Continuous interpolation using of degree $$d=\texttt{deg}$$ is chosen for both deflection and rotation:

deg = 1
We = FiniteElement("Lagrange", mesh.ufl_cell(), deg)
Te = VectorElement("Lagrange", mesh.ufl_cell(), deg)
V = FunctionSpace(mesh, MixedElement([We, Te]))


Clamped boundary conditions on the lateral boundary are defined as:

def border(x, on_boundary):
return on_boundary

bc =  [DirichletBC(V, Constant((0., 0., 0.)), border)]

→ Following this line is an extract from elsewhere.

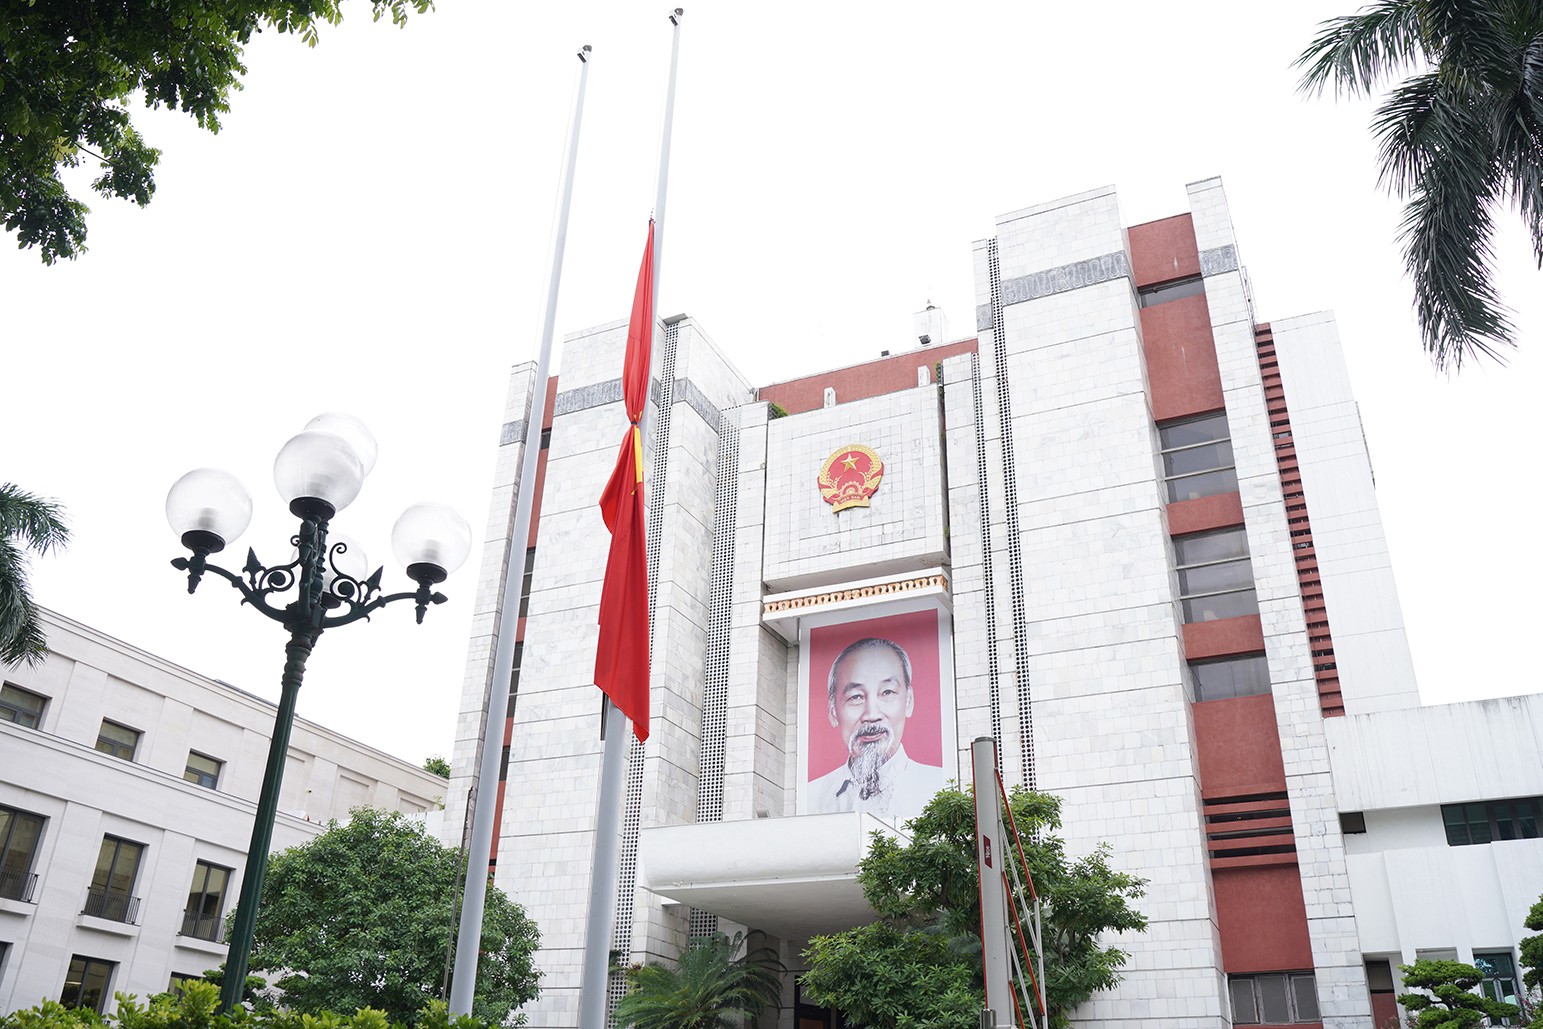 Trụ sở HĐND, UBND TP Hà Nội đã treo cờ rủ từ nhiều ngày nay
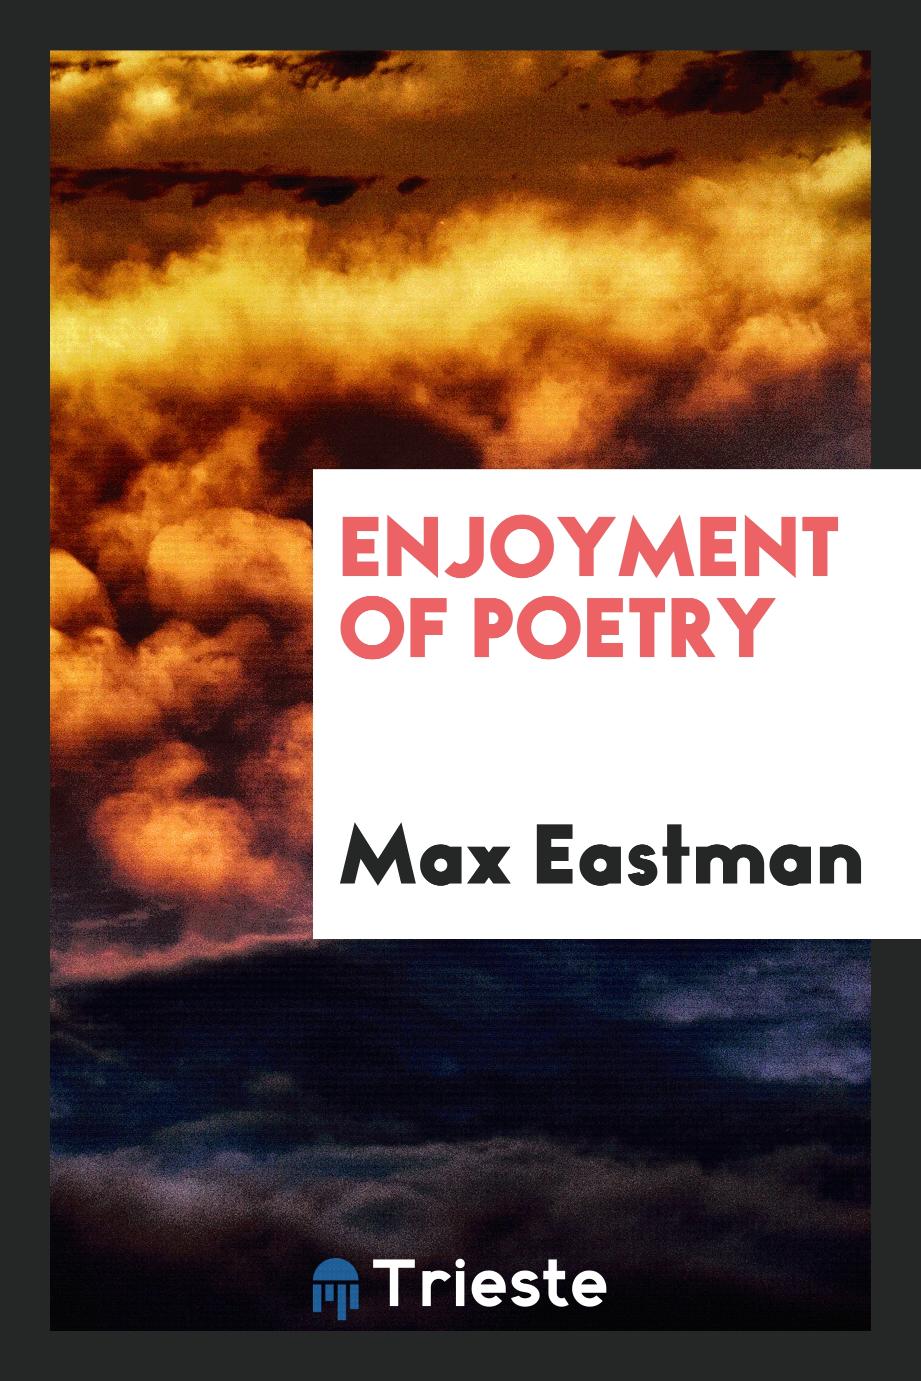 Max Eastman - Enjoyment of Poetry

Some useful functions for implementing generalized constitutive relations are now defined:

def strain2voigt(eps):
return as_vector([eps[0, 0], eps[1, 1], 2*eps[0, 1]])
def voigt2stress(S):
return as_tensor([[S, S], [S, S]])
def curv(u):
(w, theta) = split(u)
return sym(grad(theta))
def shear_strain(u):
(w, theta) = split(u)
return theta-grad(w)
def bending_moment(u):
DD = as_tensor([[D, nu*D, 0], [nu*D, D, 0],[0, 0, D*(1-nu)/2.]])
return voigt2stress(dot(DD,strain2voigt(curv(u))))
def shear_force(u):
return F*shear_strain(u)


The contribution of shear forces to the total energy is under-integrated using a custom quadrature rule of degree $$2d-2$$ i.e. for linear ($$d=1$$) quadrilaterals, the shear energy is integrated as if it were constant (1 Gauss point instead of 2x2) and for quadratic ($$d=2$$) quadrilaterals, as if it were quadratic (2x2 Gauss points instead of 3x3):

u = Function(V)
u_ = TestFunction(V)
du = TrialFunction(V)

dx_shear = dx(metadata={"quadrature_degree": 2*deg-2})

L = f*u_*dx
a = inner(bending_moment(u_), curv(du))*dx + dot(shear_force(u_), shear_strain(du))*dx_shear


We then solve for the solution and export the relevant fields to XDMF files

solve(a == L, u, bc)

(w, theta) = split(u)

Vw = FunctionSpace(mesh, We)
Vt = FunctionSpace(mesh, Te)
ww = u.sub(0, True)
ww.rename("Deflection", "")
tt = u.sub(1, True)
tt.rename("Rotation", "")

file_results = XDMFFile("RM_results.xdmf")
file_results.parameters["flush_output"] = True
file_results.parameters["functions_share_mesh"] = True
file_results.write(ww, 0.)
file_results.write(tt, 0.)


The solution is compared to the Kirchhoff analytical solution:

print("Kirchhoff deflection:", -1.265319087e-3*float(f/D))
print("Reissner-Mindlin FE deflection:", -min(ww.vector().get_local())) # point evaluation for quads
# is not implemented in fenics 2017.2


For $$h=0.001$$ and 50 quads per side, one finds $$w_{FE} = 1.38182\text{e-5}$$ for linear quads and $$w_{FE} = 1.38176\text{e-5}$$ for quadratic quads against $$w_{\text{Kirchhoff}} = 1.38173\text{e-5}$$ for the thin plate solution.